The 66 has the s/pdif standard of digital i/o on rca coax connectors. It does not have the optical (lightpipe/ Toslink/ ADAT) form. The Delta s/pdif carries a normal stereo signal, but it can be used as 2 mono channels in your recording software.

Certain equipment have digital outs - Standalone mulitrack recorders, effects units, amp modellers etc. You can record the s/pdif input seperately so if you do have or get something with s/pdif coax output, you can avoid an analog conversion when recording it.
The s/pdif is an extra stereo channel, so you can actually record 6 tracks at once when using it.
The output could be used to feed studio monitors with digital inputs.
S/pdif output can also carry an AC3 surround sound channel for feeding to an external surround decoder box and speakers.

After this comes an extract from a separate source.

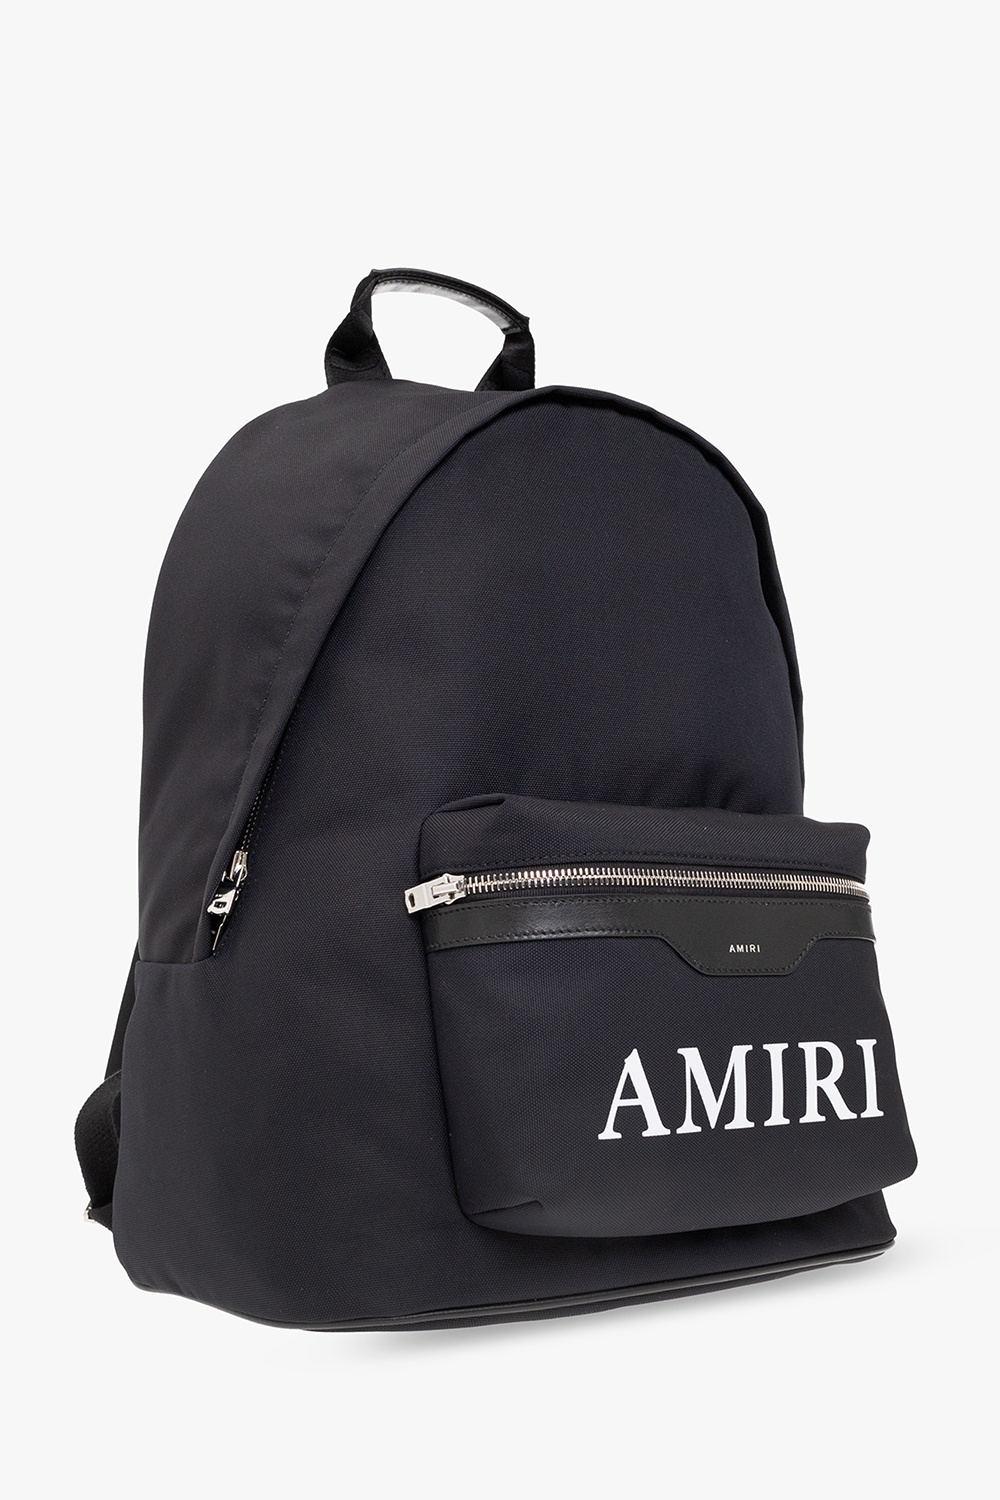 Black Backpack with logo Amiri - Level up your casual look wearing

If you want an extra soundcard later, the second card can have its timing slaved to the first by linking the s/pdif. This makes the two cards act as one and ensures tracks split across the cards channels stay in time with each other. In fact, you can have up to 4 Delta cards working this way, all controlled from the same driver. NOT THE 44 though!
... although, the drivers are supposed to have something called "kernal sync" to synchronise the 44's. Some have it working and some are suspicious. Have not tried it myself.

The one downside to using the s/pdif input is that the card has to be switched in its control panel application (known as the Delta Panel - this has all the card driver and hardware settings), to run at the incoming s/pdif sample-rate clock.
If the external unit only has 48Khz, then the recording project will have to be at 48Khz, as the analog converters on the card will also be using that external audio clock.